David had a pretty sleepy day. He took a couple of naps and every time he wakes up he apologizes for passing out. HA! It's good, I feel like he does better when he gets good rest. He went to bed at 10:30 tonight, hopefully tomorrow he'll have a longer awake day. It seems to go every other day. We heard from the doctor today. He wants to see David as soon as he can be in the wheel chair comfortably for around 4 hours. He anticipates that he will be able to do the Avastin (IV chemo) while he's there which takes about 90 minutes plus a dr's visit and transport time. Dr Hauck's PA mentioned that we may be able to schedule for Dr Hauck to see him at the same time while he's getting the chemo. Two (actually three) birds with one stone as it were. The more we can get done with one excursion the better!
Our nurse offered us a different possibility for why David had those seizures the day he came home. We have been assuming it was because of the rough transfer (we haven't abandoned that possibility entirely) but she pointed out that he had gotten the Avastin a week earlier and sometimes with chemo the reactions the body has can linger so it could have been a combo of the chemo and the move that pushed him over the edge. Seizure is one of the rarer but severe side effects of that drug. It's always a possibility but since he's on the Ativan now hopefully that's under control.
Dr also mentioned that Dave should go ahead and take the Temodar (pill form chemo) at the beginning of the month for 5 days (like last month) and to start taking the Coumadin again for the blood clots. Finally! Dave's left foot continues to swell a bit when he's up in the chair but the swelling doesn't seem to stick around for long which is a good sign. We can handle that!
Tomorrow Rose and I are going to go look at a cemetery that I want some information about. (Bless her for going with me for moral support) There was a place across town I drove by the other day and even though I thought I liked it from when David and I had driven by in the past I REALLY didn't like the idea of visiting there for a purpose some day.

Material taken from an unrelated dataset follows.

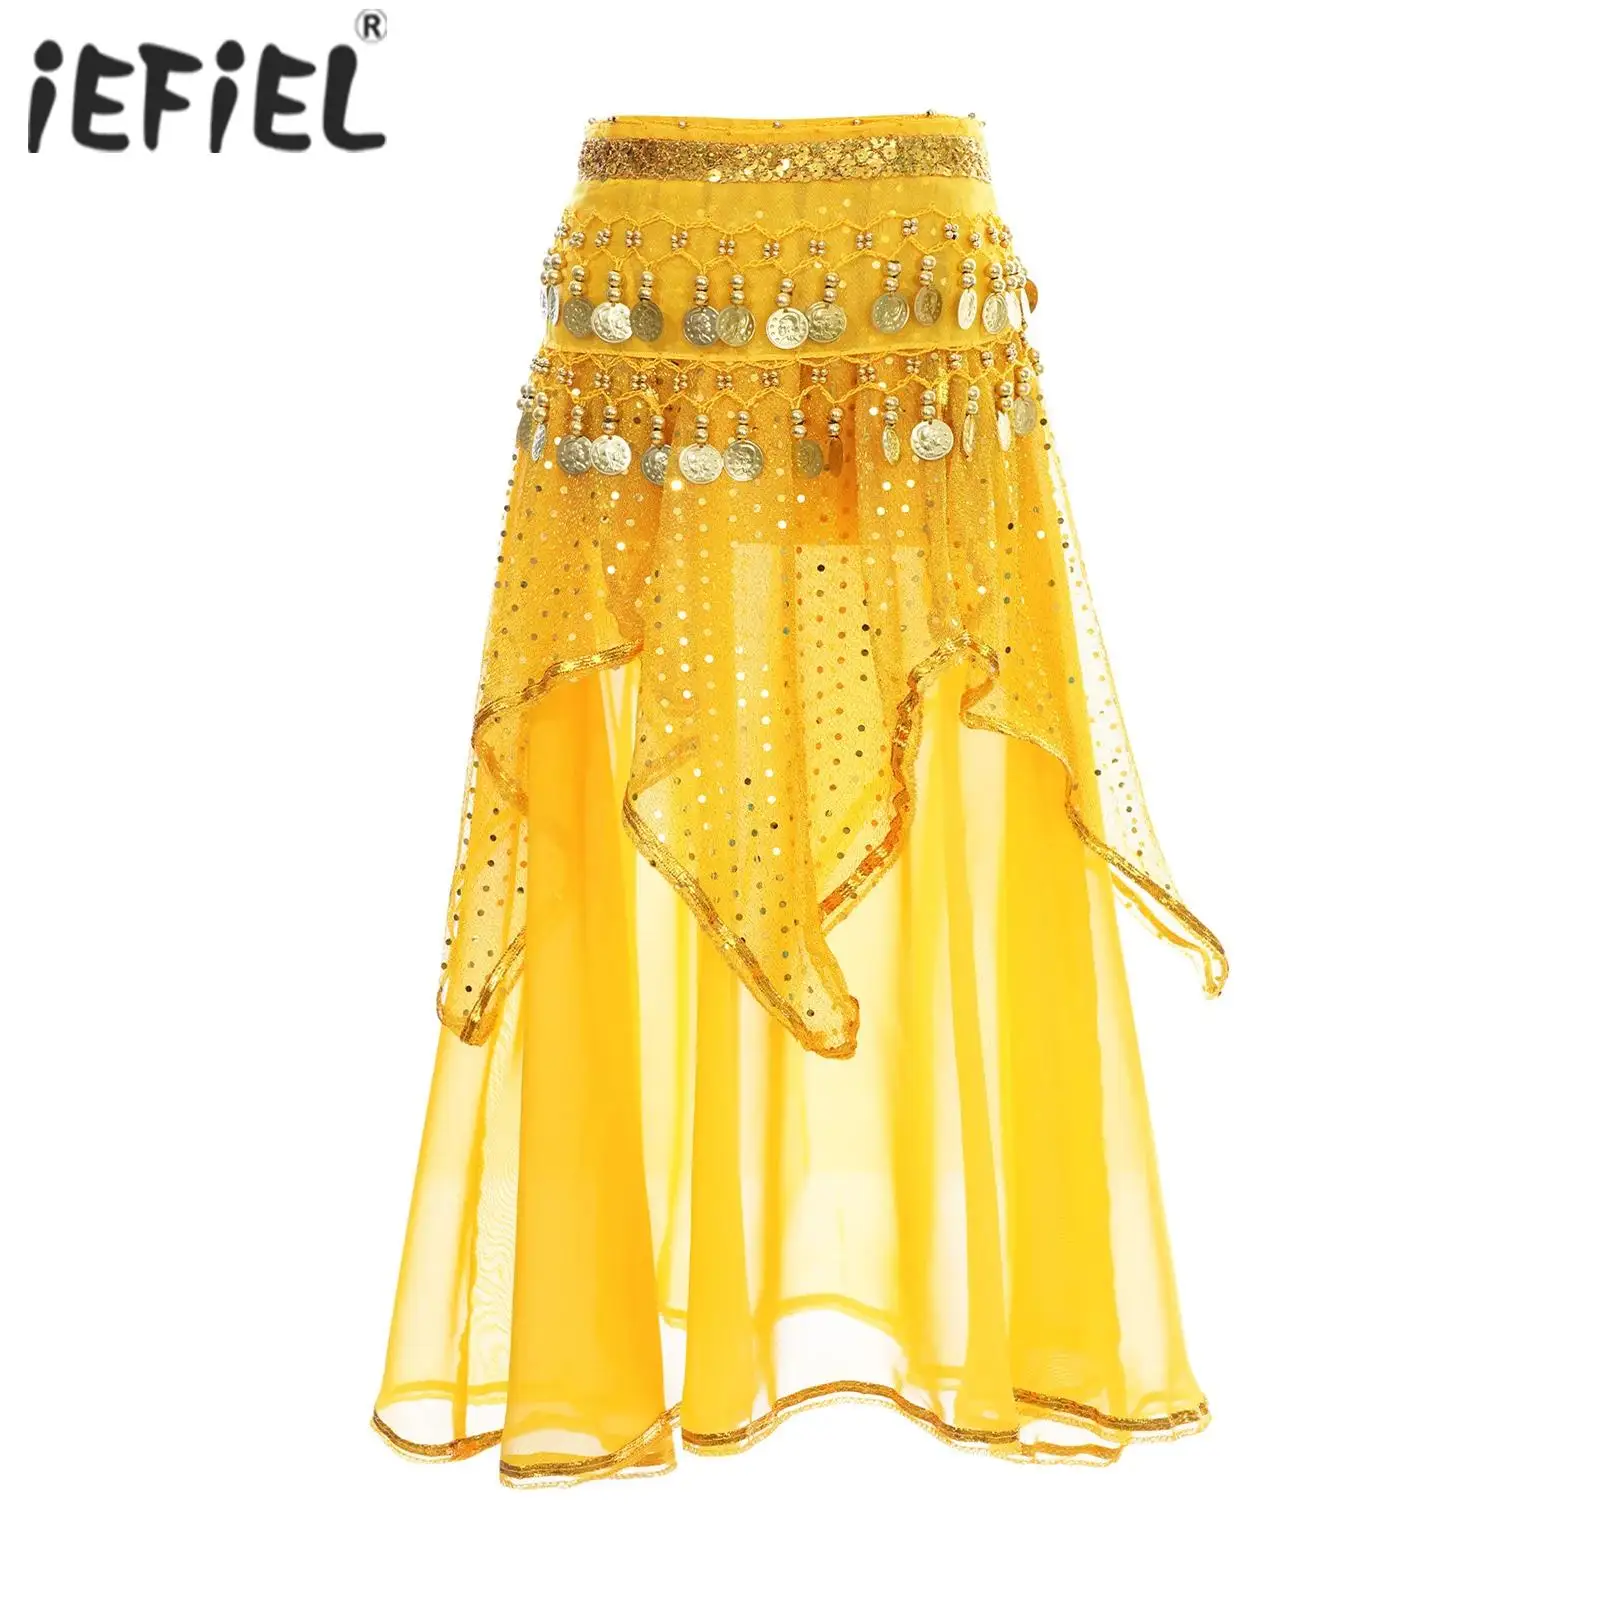 

Kids Girls Belly Dance Skirt with Gold Trim Sequined Dots Irregular Layered Skirt with Beads Coins Tassel Waist Chain Hip Scarf
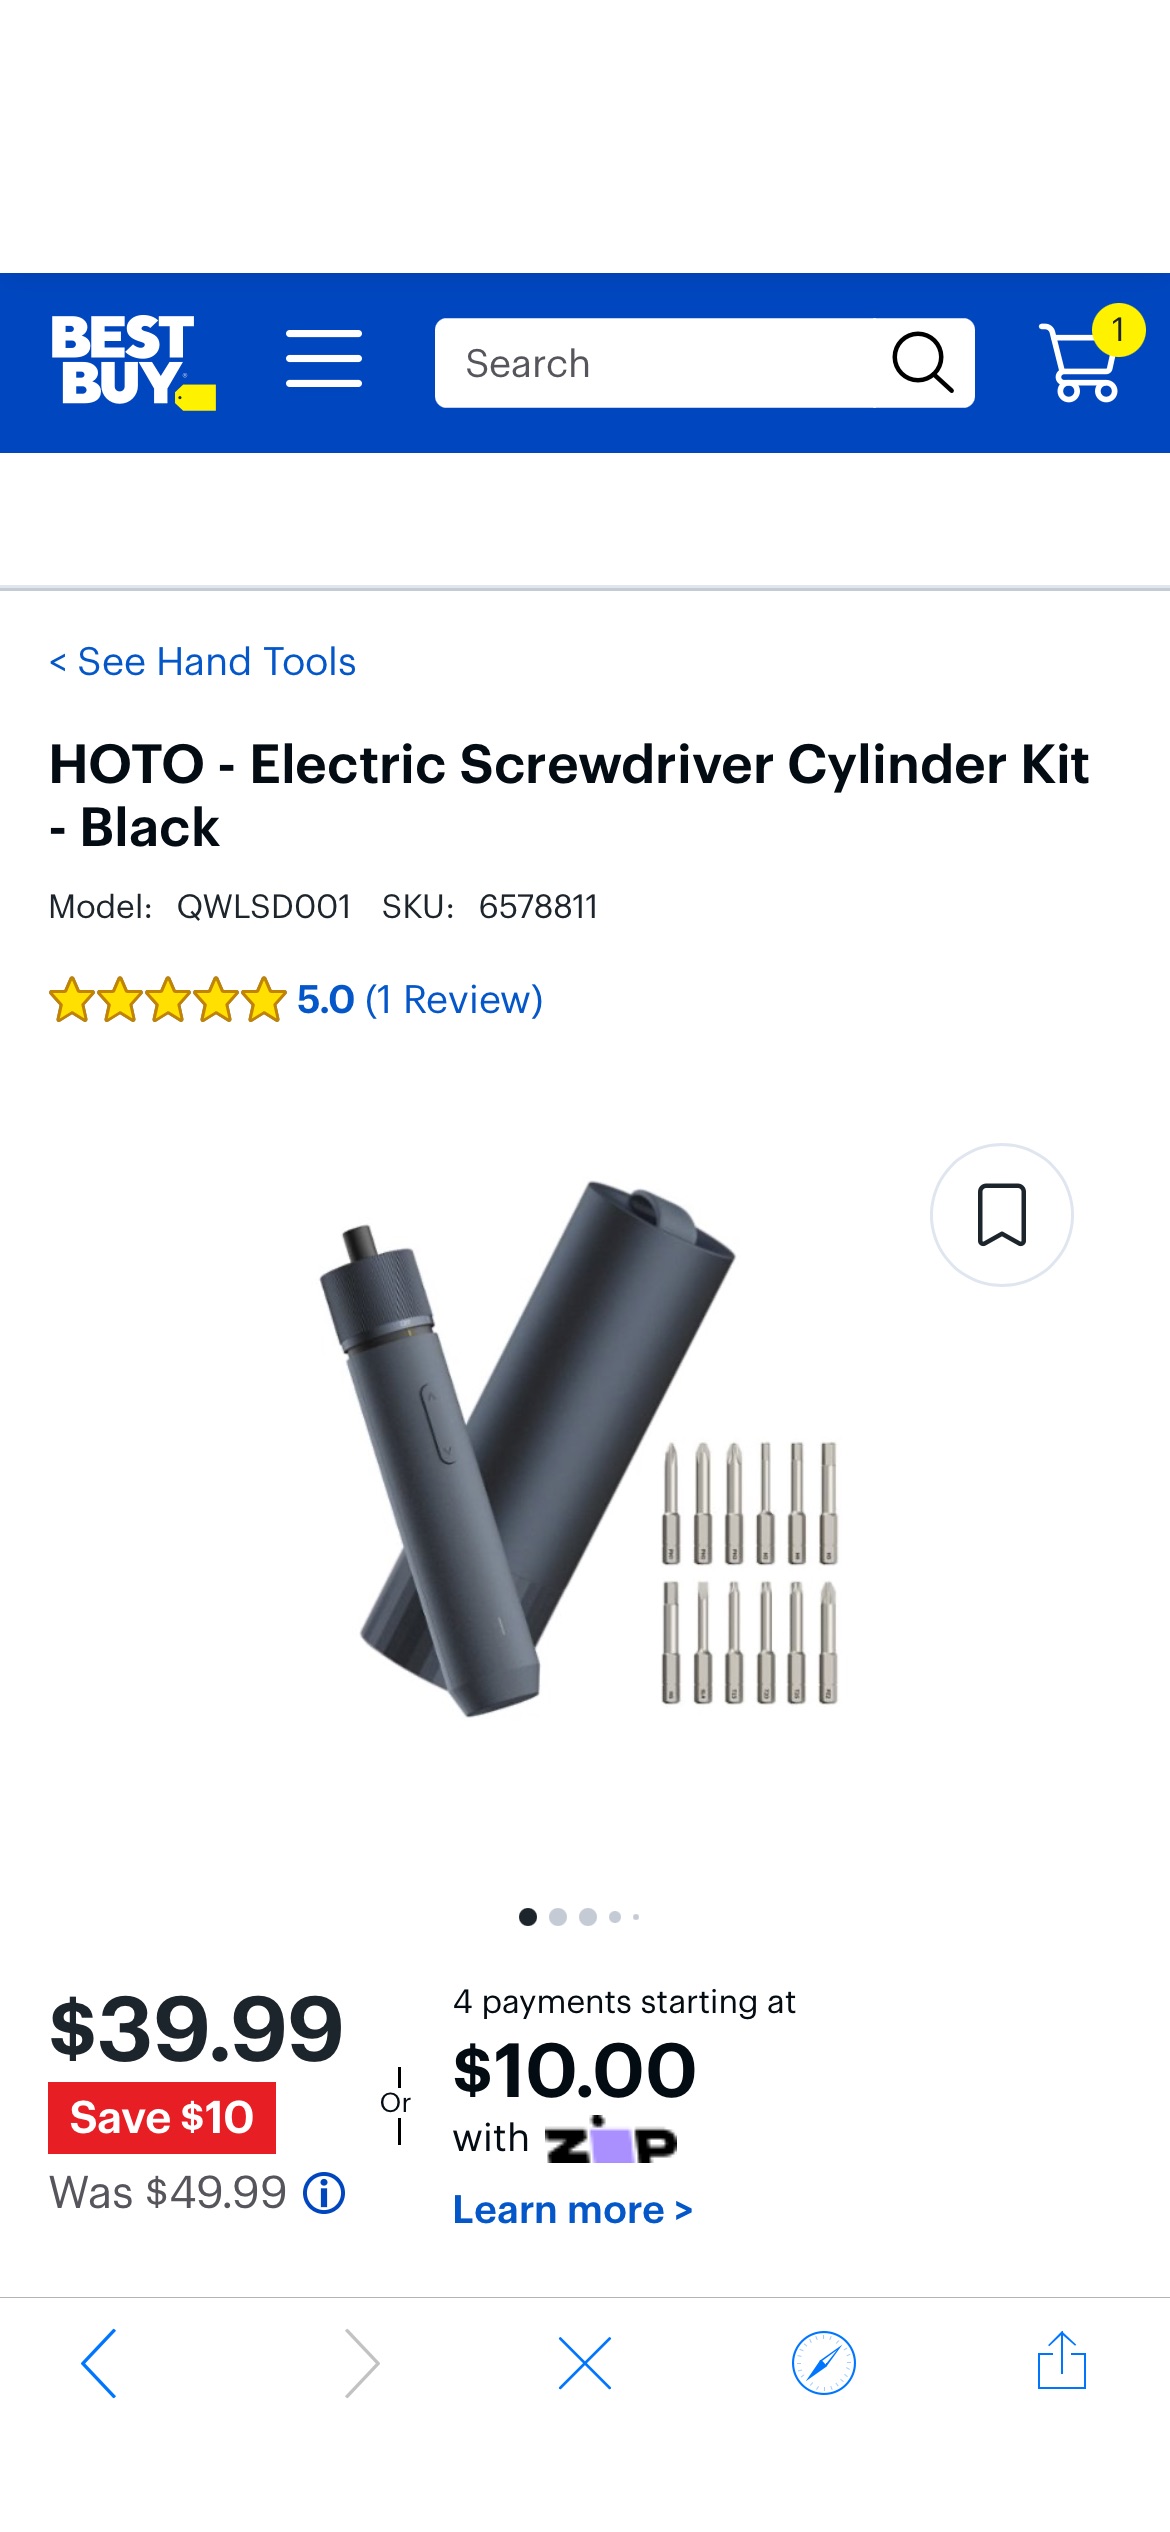 HOTO Electric Screwdriver Cylinder Kit Black QWLSD001 - Best Buy

It was just kind of a dreary place. I'm not sure if it's the idea of visiting any cemetery or THAT cemetery but I think a final resting place should be at least pleasant. It wasn't my cup of tea so the search continues. I really really don't want to spend a lot of time dealing with this pre-planning stuff but one of the benefits of having David here is that he's willing and able to share his wishes with me. Actually he's been pretty fantastic about it and we constantly make jokes about the otherwise difficult decisions. For instance... what was the hymn his grandpa used to sing to his grandma when they bickered? He doesn't remember but I'm sure SOMEONE in the family must. He thought it was a primary hymn and while not necessarily appropriate he thought it would be funny to have it sung at his funeral. Enough about that. I realize it's probably hard for people to read about this because it makes it all the more real, and part of me feels like I'm going through the motions even though it doesn't seem all that real to me either. I take some comfort in knowing that once these plans are made there is no rush on them and they don't expire so we can spend our time in better ways.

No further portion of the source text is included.